I think much of our shame surrounding mental illness stems from a fear that others will view us as weak or “crazy”. Society tells us that they key to a happy life is lots of water, regular exercise and prayer, among dozens of other methods. While all of those things are important, they are not a substitute for medication. We don’t look down on treatment for physical illnesses. Think about it. When was the last time you heard someone preach about treating a dislocated shoulder or a concussion with prayer and meditation?
Stigmatization of mental illness is dangerous. It breeds fear and for some it leads to death resulting from untreated mental illness(es). Here are a few consequences of the global stigmatization of mental illness, courtesy (once again) of ADAA and the NIMH:
- Anxiety disorders are highly treatable, yet only about one-third of those suffering receive treatment.
- 36% of people with social anxiety disorder report experiencing symptoms for 10 or more years before seeking help.
- 40 to 50 percent of all people with bipolar disorder or schizophrenia go untreated each year. The number of untreated people suffering from some other disorders, such as anxiety or depression, is even greater.
- Untreated mental illness can cause severe emotional, behavioral and physical health problems.
Privilege In Getting Help
It’s important to acknowledge that not everybody is in a position to seek treatment. For one, it can be expensive. Second, some addicts come from cultures and families that look down heavily on treatment for mental illness. Just as you have compassion for those who need medication you must also have compassion for those who aren’t in a position to receive help.
You Have A Choice
For years I self-medicated with weed, pills, self-harm, sex and alcohol. My addict brain convinced me that those things were keeping my mental illnesses at bay when in reality they were just keeping me sedated and numb. Fear completely overtook my life. Fear kept me from asking for help.
Remember that we don’t just get sober and call it a day. There is a clear correlation between addiction and mental illness.
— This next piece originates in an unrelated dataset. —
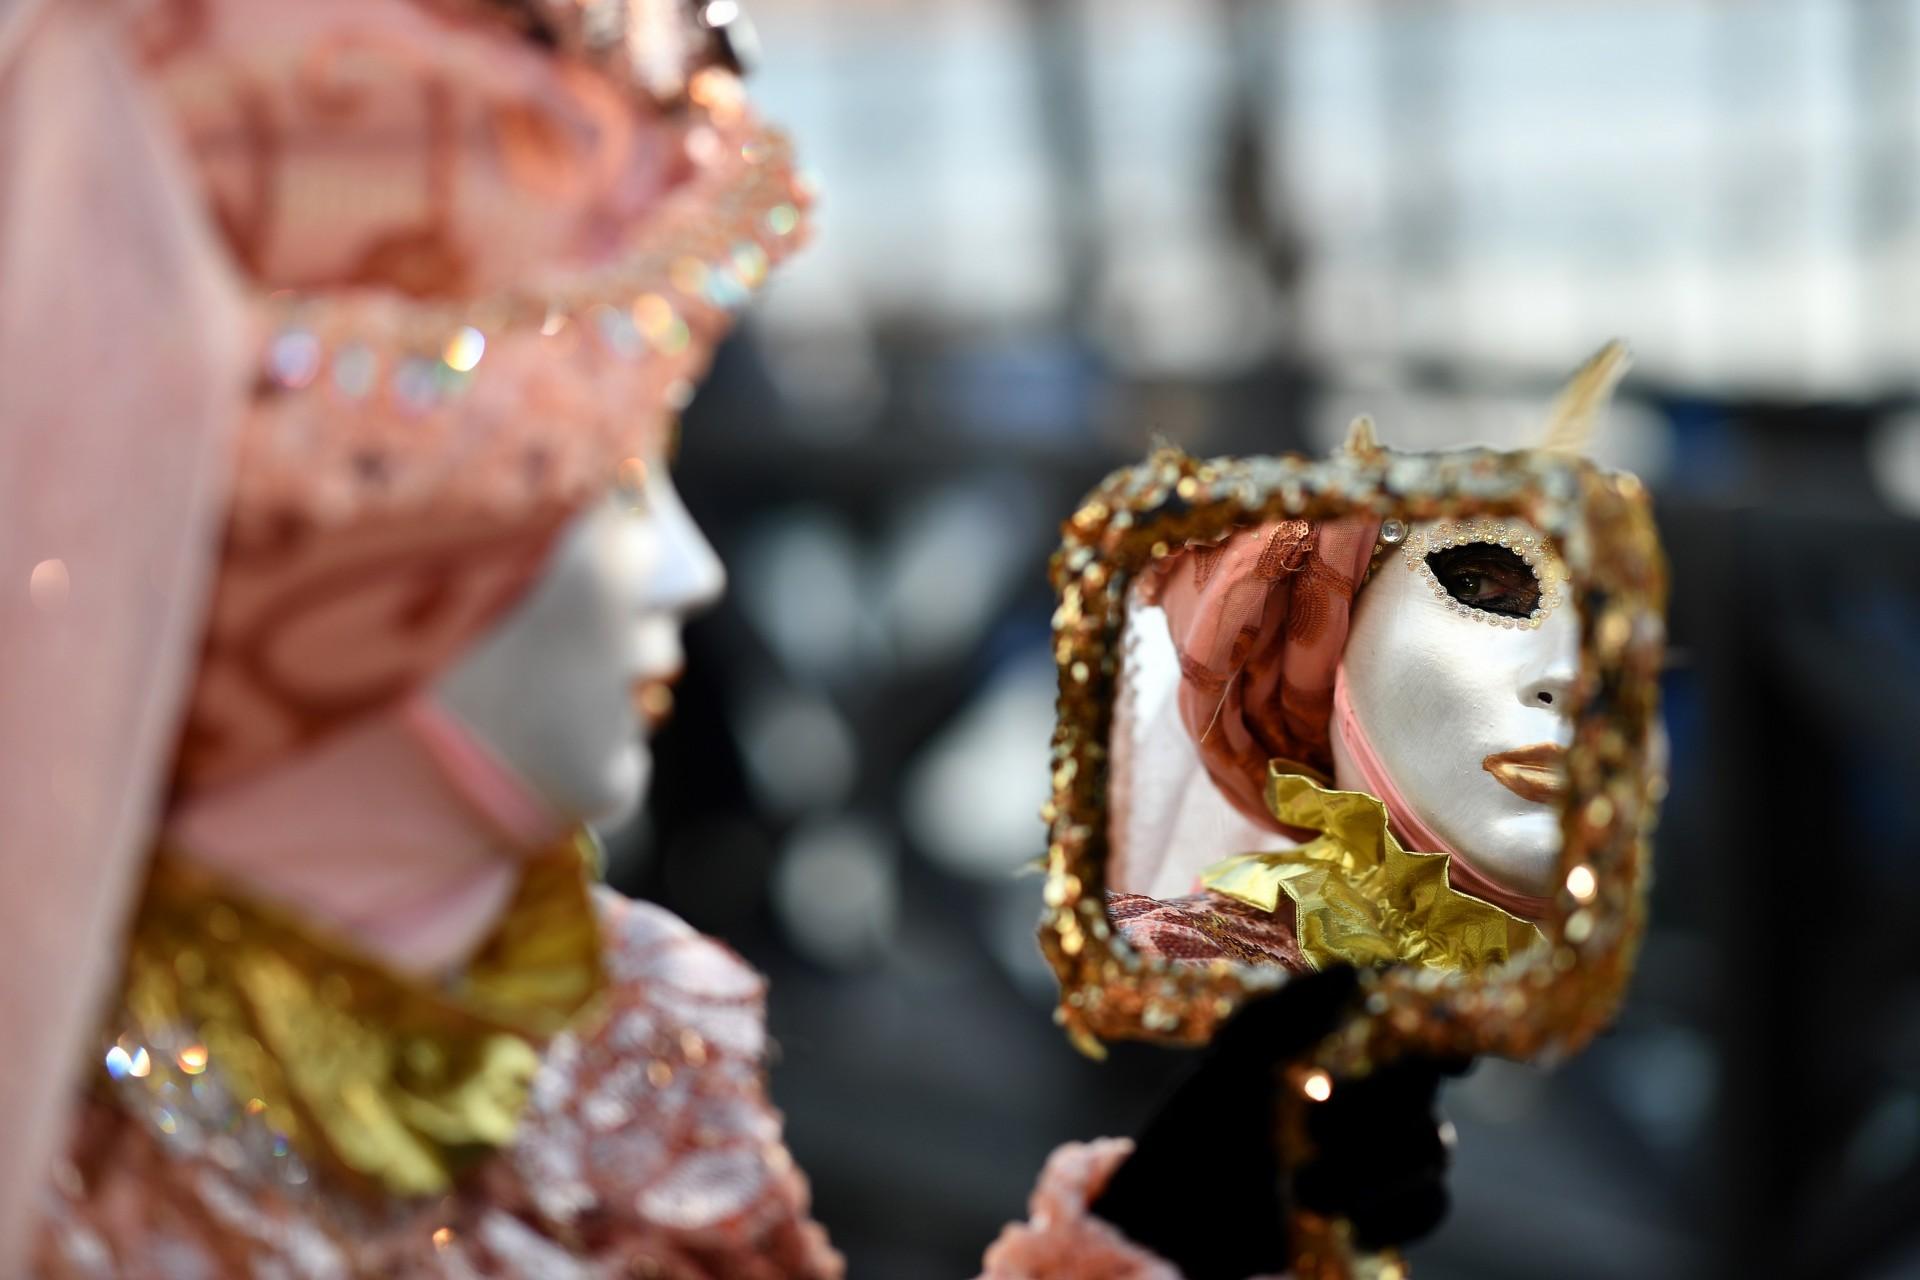 Unparticipantecon una máscara y un traje de época participa en el Carnaval de Venecia el 23 de febrero de 2019 en Venecia.

According to drugabuse.gov, “The overlap of brain areas involved in both drug use disorders and other mental illnesses suggests that brain changes stemming from one may affect the other.” There are preexisting issues which remain even after a person gets sober. Medication is a valid way of going about treating those preexisting issues. Going on medication for a mental illness is ultimately your choice. You don’t owe an explanation to anyone.